Григорий почувствовал, что эта радистка тоже не прочь поговорить, но он не стал завязывать разговор, сухо извинился за ошибку и отключил рацию. Встал, глубоко вдохнул чистый прохладный воздух, потянулся и заметил, как к нему идет комбат. Григорий поправил гимнастерку, и вышел ему навстречу. В трех шагах от костра доложил о связи со штабом и о том, что никаких указаний не поступало.

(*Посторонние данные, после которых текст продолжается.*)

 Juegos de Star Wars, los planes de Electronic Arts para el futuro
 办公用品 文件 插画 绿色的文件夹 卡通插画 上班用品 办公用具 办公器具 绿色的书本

– Пошли к костру. Ты что вскочил? – спросил капитан.
– Да там Юлька спит.
– Что подружились?
– Да вы что, товарищ капитан?
– А что, поругались?
– Нет.
– Ну и ладно. Я знаю, ты пацан нормальный, вот только Березкина веселая с вечера к старшине дважды за спиртом прибегала.
– Нет, ничего такого не было, ну выпили, поболтали. Она там, на сене спать легла, а я и к земле привыкший: костер греет и ладно.
– Ну а голова-то не болит.
– Сухо как-то во рту. Попить бы.
– Не вздумай. Снова окосеешь. Это спирт, а не домашняя смага. Он с утреца с водичкой веселую реакцию дает – снова пьянеешь. Так что лучше поешь чего-нибудь.
– Хорошо, сейчас тушенки банку раздавлю.
– Я что шел-то. Ты давай просыпайся, и к кухне подходи. Я там доложу, хотя нет, можешь не торопиться. По голосу комдив тоже вчера отметился. Так что он рано не проснется. Не торопись, но как увидишь, что все встали – подходи. Кухня уже задымила, значит, завтрак скоро. Представляешь, сколько воюем, первый раз кухню в батальон пригнали. Знаешь это к чему?
– Нет.
– К очередному пополнению. Пришлют еще связистов, будешь старшим над ними.
– Да я и сам справляюсь. Мне ребята помогают.
– Да не думай ты, что это тебе замена. Положено в каждой роте своего иметь. А у нас сейчас один ты на весь батальон. Хотя и его вряд ли так назвать можно – рота – вот, все что осталось.
Киселев хлопнул Григория по плечу задумавшись, развернулся, медленно и тяжело пошел к дымящейся полевой кухне. Наверняка вспомнил, сколько народу потерял за последние дни.
Гриша вернулся к костру, подбросил оставшиеся доски и снова погрузился в свои мечты о предстоящей встрече с таинственной незнакомкой. Но долго помечтать не дали. Кто-то у дороги стал громко кричать, кого-то звать. Солдаты проснулись, и большинство из них еще не отошли от вечера: после того, как старшина щедро раздавал спирт. Перед взятием высоты он получил его на целый укомплектованный батальон, а после взятия и суток удержания лишних паек осталось много.
Григорий расслышал голоса – это были минеры. Они вернулись и кричали тем, кто должен был идти по проверенной дороге в разведку.
Пятеро разведчиков, подошли к ним, о чем-то поговорили и медленно, аккуратно ступая в проверенные следы, пошли в деревню.